32 Validation and Outlier Detection

analytics-ml

data

quality

validation

32.1 Start With the Story

Picture an IoT team using the ideas in Validation and Outlier Detection during a live operations review. A device has produced messy evidence, an analytic step is about to change an alert or control decision, and someone has to explain why the result should be trusted.

Read this page as that path from sensor evidence to accountable action. Start with what the system observes, keep the model or data treatment visible, and finish with the check that would convince an operator, maintainer, or auditor to act.

32.2 Validation Stops Bad Data

IoT systems produce data continuously, but continuous data is not automatically usable data. A payload may be well-formed JSON while still carrying a humidity value of 108 percent, a pressure reading from the future, a frozen value repeated for six hours, or a temperature that jumps 20 C in one second. Validation is the entry gate that decides whether each reading is complete, plausible, timely, and safe enough to use.

Validation is different from later cleaning or anomaly analysis. Validation applies known rules from schemas, physics, device configuration, deployment context, and timing. Cleaning repairs or imputes selected values after validation. Anomaly detection searches for unusual but possible behaviour in data that has already passed the basic trust checks.

A good validation layer does not merely reject data. It records why a reading passed, failed, or was quarantined so that data quality becomes observable instead of invisible.

Schema

Required fields exist, data types match, schema version is known, and payload size is within expected limits.

Physics

Values obey sensor and environment limits such as humidity 0-100 percent or indoor temperature within an operational band.

Time

Event time is monotonic enough, clock skew is bounded, arrival delay is acceptable, and reporting cadence is plausible.

Context

Related fields agree: pump flow matches pump state, dew point does not exceed temperature, and peer sensors are not wildly inconsistent.

Rule

Question

Example Failure

Usual Action

Schema

Can the system parse and interpret the payload contract?

Missing device_id or temperature sent as text when the schema requires a number.

Reject to a dead-letter queue with producer id and schema id.

Range

Is the value physically or operationally possible?

Soil moisture reported as 980 percent.

Reject or quarantine; keep the original value and rule id.

Rate

Could the value have changed this fast?

An office temperature changes from 22 C to 45 C in two seconds.

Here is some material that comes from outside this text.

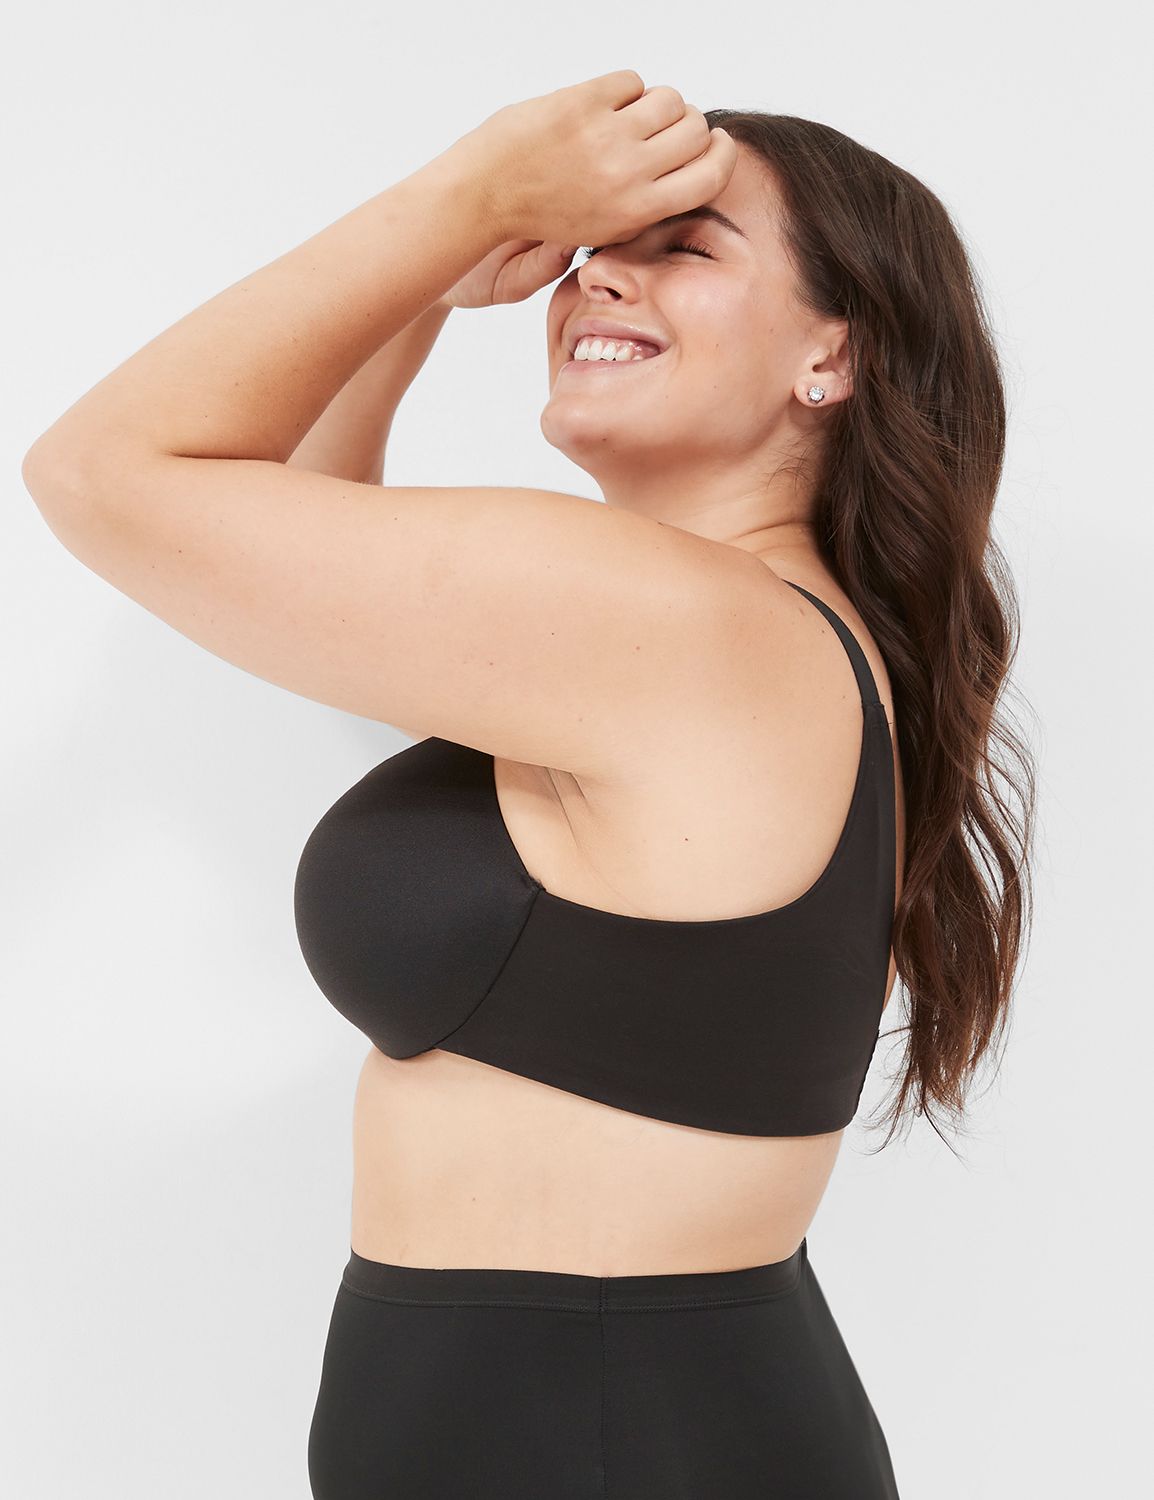 I had to wear two XXL sports bras for 42F breasts, now I've been

Keep the previous valid state, flag the new reading, and inspect the device.

Plausibility

Do related measurements agree with each other?

Temperature 28 C, humidity 85 percent, and dew point 18 C are inconsistent.

Flag for review; compare sensors and calibration records before suppressing.

Overview Knowledge Check

32.3 Rules Plus Outlier Bounds

Validation should run in layers. Hard rules reject impossible data: malformed payloads, values beyond sensor limits, invalid timestamps, and impossible rates of change. Soft rules flag suspicious but possible data: a value outside the usual operating envelope, a peer-sensor disagreement, or a statistical outlier. Treating every warning as a hard reject loses useful evidence; treating every warning as valid poisons downstream analytics.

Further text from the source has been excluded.